This is my second attempt to get a meaningful response from you guys on this issue.
The SR invariance formula makes space-like intervals imaginary (e.g., the distance $x$ in a given frame has interval $ix$). Yet modern physicists consider it bad form to define the distance itself as $ix$, as Minkowski did. It seems to me that this distinction is trivial—what’s wrong with defining the distance as the value of its interval? An answer to a previous question of mine on this topic referred to a paper by Visser showing that there is a way to do this that can be generalized to GR. So what’s the fuss about? Even if there weren’t such a way, I don’t see how that wd invalidate Minkowski’s definition for SR. Since the interval measure is what’s important, what fundamental difference can it make whether one defines the distance as $ x$ or as its invariant interval $ix$?

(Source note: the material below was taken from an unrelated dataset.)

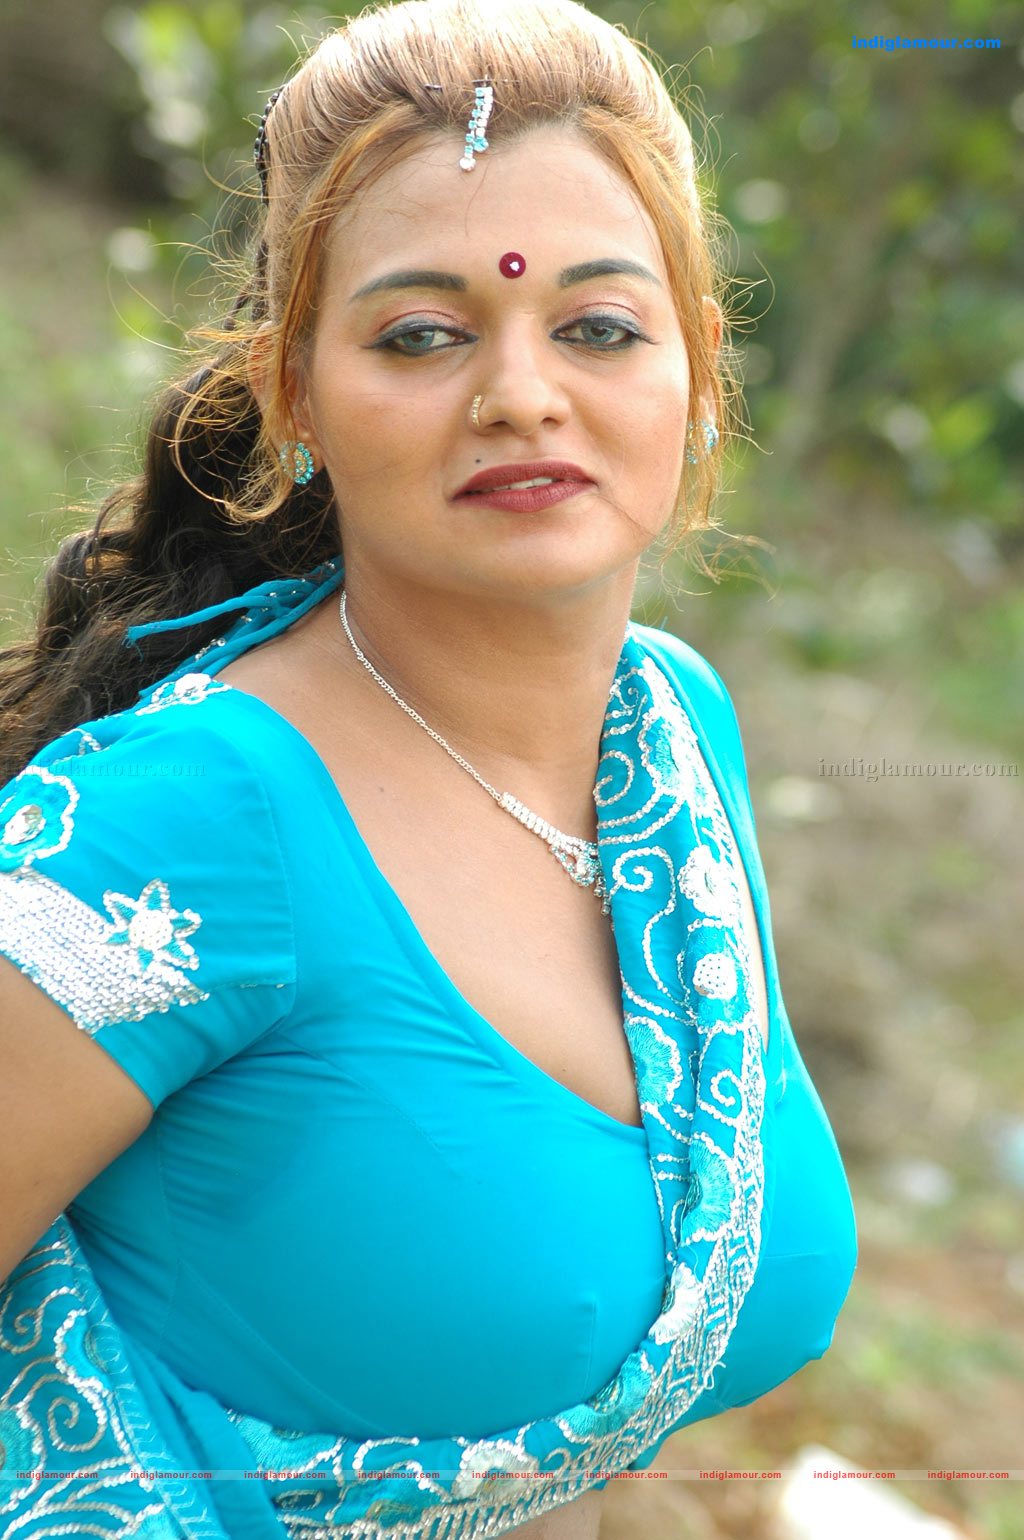 Karuvappaiya Tamil Movie Photos Stills Photo 103005

The whole idea of a LT being an imaginary rotation (important, because phi is additive) depends on the use of the invariant measure, which is the complex length between two points in $\mathbb{C}^{2}$, the space in which complex rotations exist, and so the space in which the $x$-$t$ plane is being considered to be embedded when we talk of complex rotations. It can easily be shown that the angle between any two axes in $\mathbb{C}^{2}$, real or imaginary, is a real right angle, and this explains the invariance formula—it is simply the Pythagorean theorem for that complex triangle. So all this ‘invariant interval geometry’ is an integral part of special relativity. If you insist that distances are real and use a Pseudo-Euclidean metric, which would imply entirely different values for these angles, you are throwing out an enormous portion of SR. It is hard to see how that can be billed as an advance in our understanding.